== Problem details ==
In the listing below, the lines starting with the line with "140 ilustraciones de" and going on through the line with "Whirlpool 9761890 manual" are to be reproduced exactly, and only those.

== Record excerpts ==
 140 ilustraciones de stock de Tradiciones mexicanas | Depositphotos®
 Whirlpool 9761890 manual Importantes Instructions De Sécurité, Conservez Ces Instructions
--
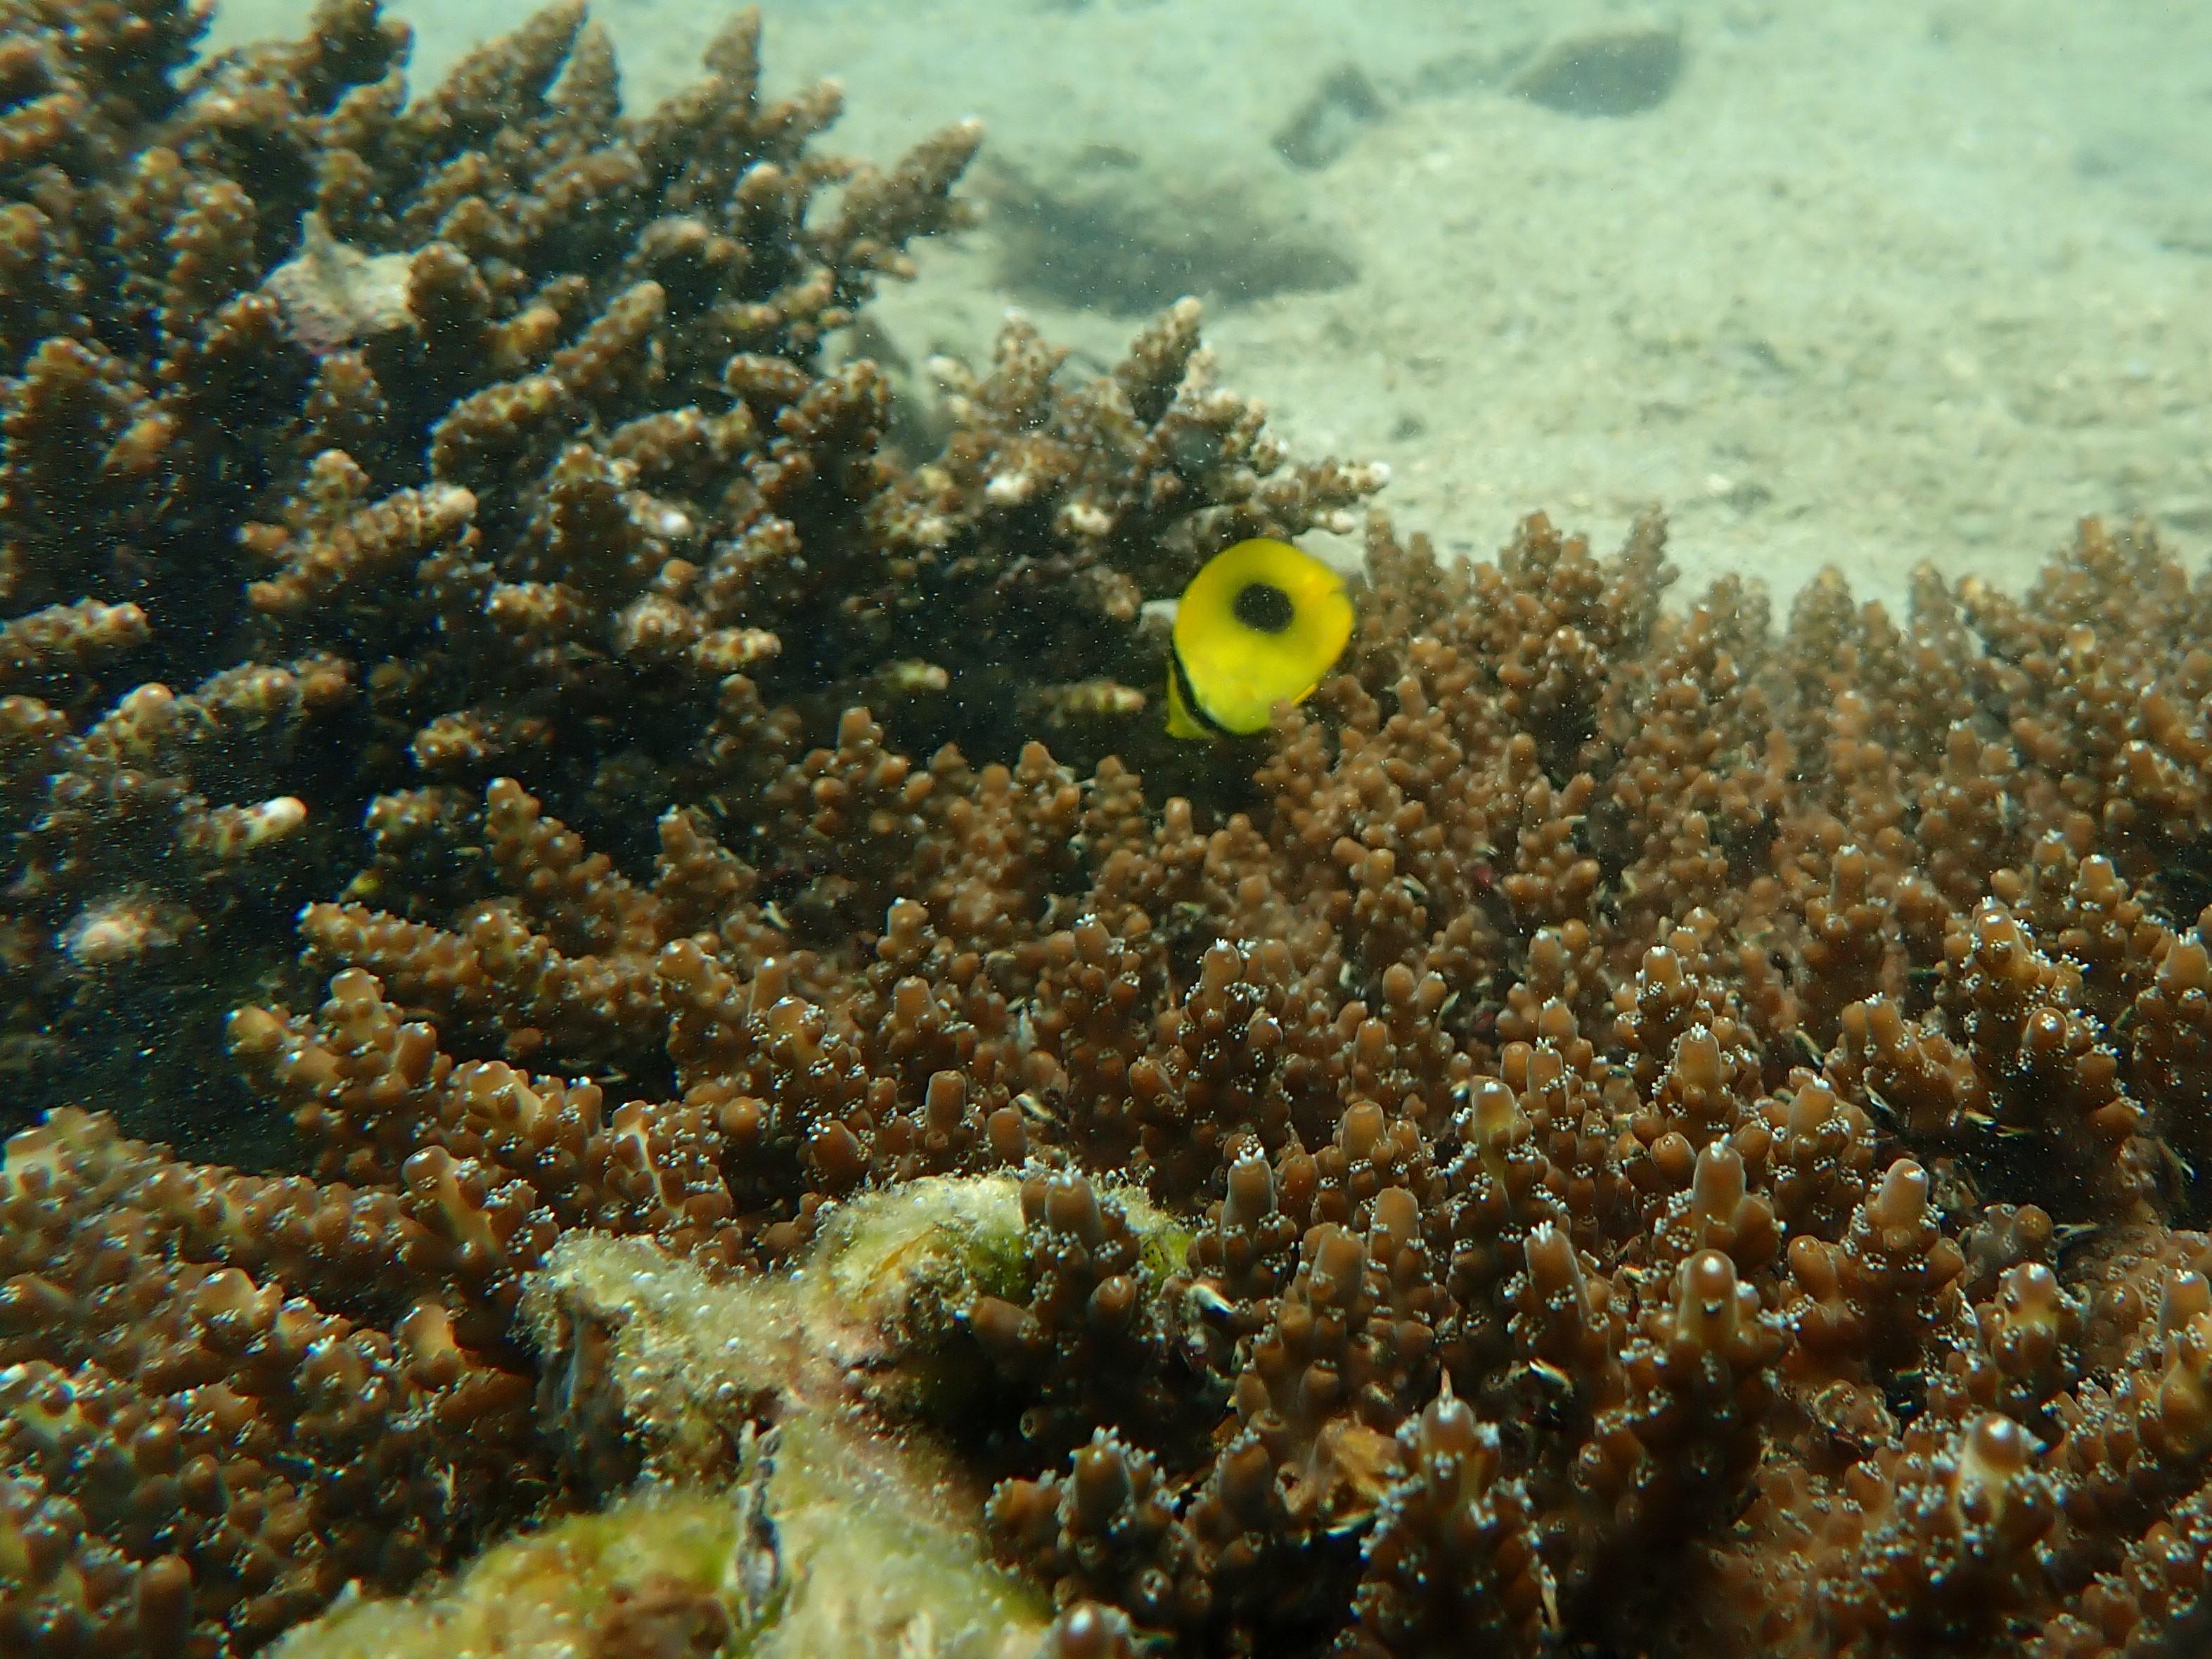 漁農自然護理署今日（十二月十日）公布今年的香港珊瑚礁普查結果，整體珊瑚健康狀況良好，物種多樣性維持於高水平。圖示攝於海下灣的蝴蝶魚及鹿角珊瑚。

== Response area ==
 140 ilustraciones de stock de Tradiciones mexicanas | Depositphotos®
 Whirlpool 9761890 manual Importantes Instructions De Sécurité, Conservez Ces Instructions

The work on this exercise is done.